Not yet - I was hoping this was a common issue with pups (or at least with this breed), so I could get advice without spending a fortune on check ups! However it doesn't seem like a particularly common problem, so I'll be taking her tomorrow to see our vet.
Thank you all for your help - I'll let you know what happens


----------



## SerCopper (Nov 1, 2011)

Have you tried fish (salmon) based food with her or some cooked chicken? Is it really on where you are right now? My guy won't eat much when it's really hot...


----------



## jld640 (Sep 29, 2010)

Lots of good suggestions (especially making sure with the vet), so I'm going to try a few other angles.

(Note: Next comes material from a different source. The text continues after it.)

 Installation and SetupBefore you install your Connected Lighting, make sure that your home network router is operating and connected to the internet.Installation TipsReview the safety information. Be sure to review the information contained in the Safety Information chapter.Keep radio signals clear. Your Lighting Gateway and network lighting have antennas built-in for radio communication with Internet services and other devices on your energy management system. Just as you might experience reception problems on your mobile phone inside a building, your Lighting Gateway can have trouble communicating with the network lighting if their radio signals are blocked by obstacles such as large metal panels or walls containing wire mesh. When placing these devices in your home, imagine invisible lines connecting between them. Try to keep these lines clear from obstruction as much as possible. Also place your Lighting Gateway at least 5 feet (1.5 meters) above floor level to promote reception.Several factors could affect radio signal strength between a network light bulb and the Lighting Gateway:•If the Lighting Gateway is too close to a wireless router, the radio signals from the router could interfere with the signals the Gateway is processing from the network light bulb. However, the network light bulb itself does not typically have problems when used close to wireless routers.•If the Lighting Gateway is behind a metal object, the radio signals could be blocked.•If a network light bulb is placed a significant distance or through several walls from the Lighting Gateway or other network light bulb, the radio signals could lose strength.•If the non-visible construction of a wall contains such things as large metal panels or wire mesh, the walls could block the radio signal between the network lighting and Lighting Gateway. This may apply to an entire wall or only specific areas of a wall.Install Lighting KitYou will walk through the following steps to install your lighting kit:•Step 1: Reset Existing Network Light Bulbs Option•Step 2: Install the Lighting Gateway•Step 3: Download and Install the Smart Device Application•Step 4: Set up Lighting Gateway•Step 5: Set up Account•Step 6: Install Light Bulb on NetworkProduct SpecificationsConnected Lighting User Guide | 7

First - will she eat kibble from your hand? Savannah was/is picky, but once she gets started eating, she will eat her fill. Her fill was not necessarily everything I put down in front of her, but she would eat enough to keep me from worrying if I could just get her started.

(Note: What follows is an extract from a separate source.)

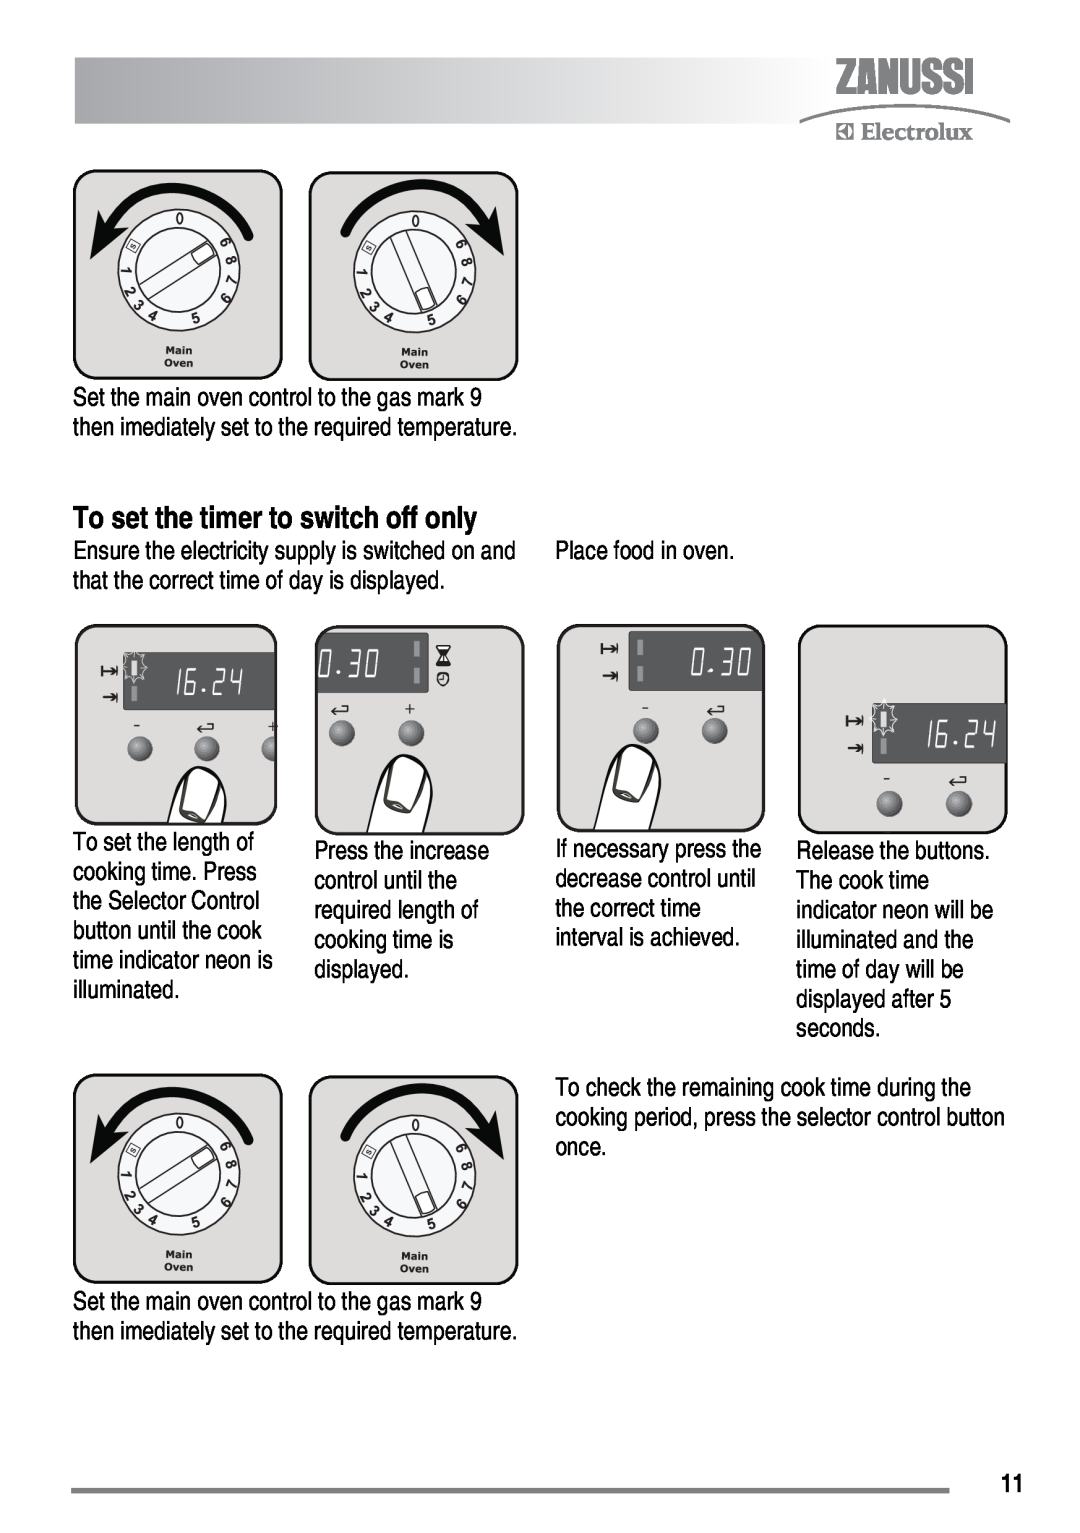 Zanussi FH10 user manual To set the timer to switch off only, that the correct time of day is displayed

Second - if you spill the food out onto the floor, will she eat any of it? We went through a very long phase where she hated her bowl. At work, she still eats out of an upside down frisbee. I assume because it has no sides and possibly because it is plastic so there are no distracting reflections like a metal bowl.

Third - have you tried teaching her 'catch' with kibble? If she is just bored with eating, then getting her to focus on catching a piece of kibble at a time might get her started enough for her to realize she is hungry. You might also have some luck with 'find' games; although our success with them was mixed.

Hope you figure out a working solution for you both soon!


----------



## kclose (Apr 30, 2012)

The vomiting is due to low blood sugar due to lack of food. Try feeding her 3 times a day (2 larger meals in the morning and evening and an afternoon snack about 1/2 cup). This started happening to our boy, Woodford. He would vomit before breakfast and it was just bile. Now that he gets a small afternoon snack, he does just fine. As far as her not eating her food, try mixing some wet and dry, or boiled chicken or plain white rice. Maybe try a different, more flavorful food.


----------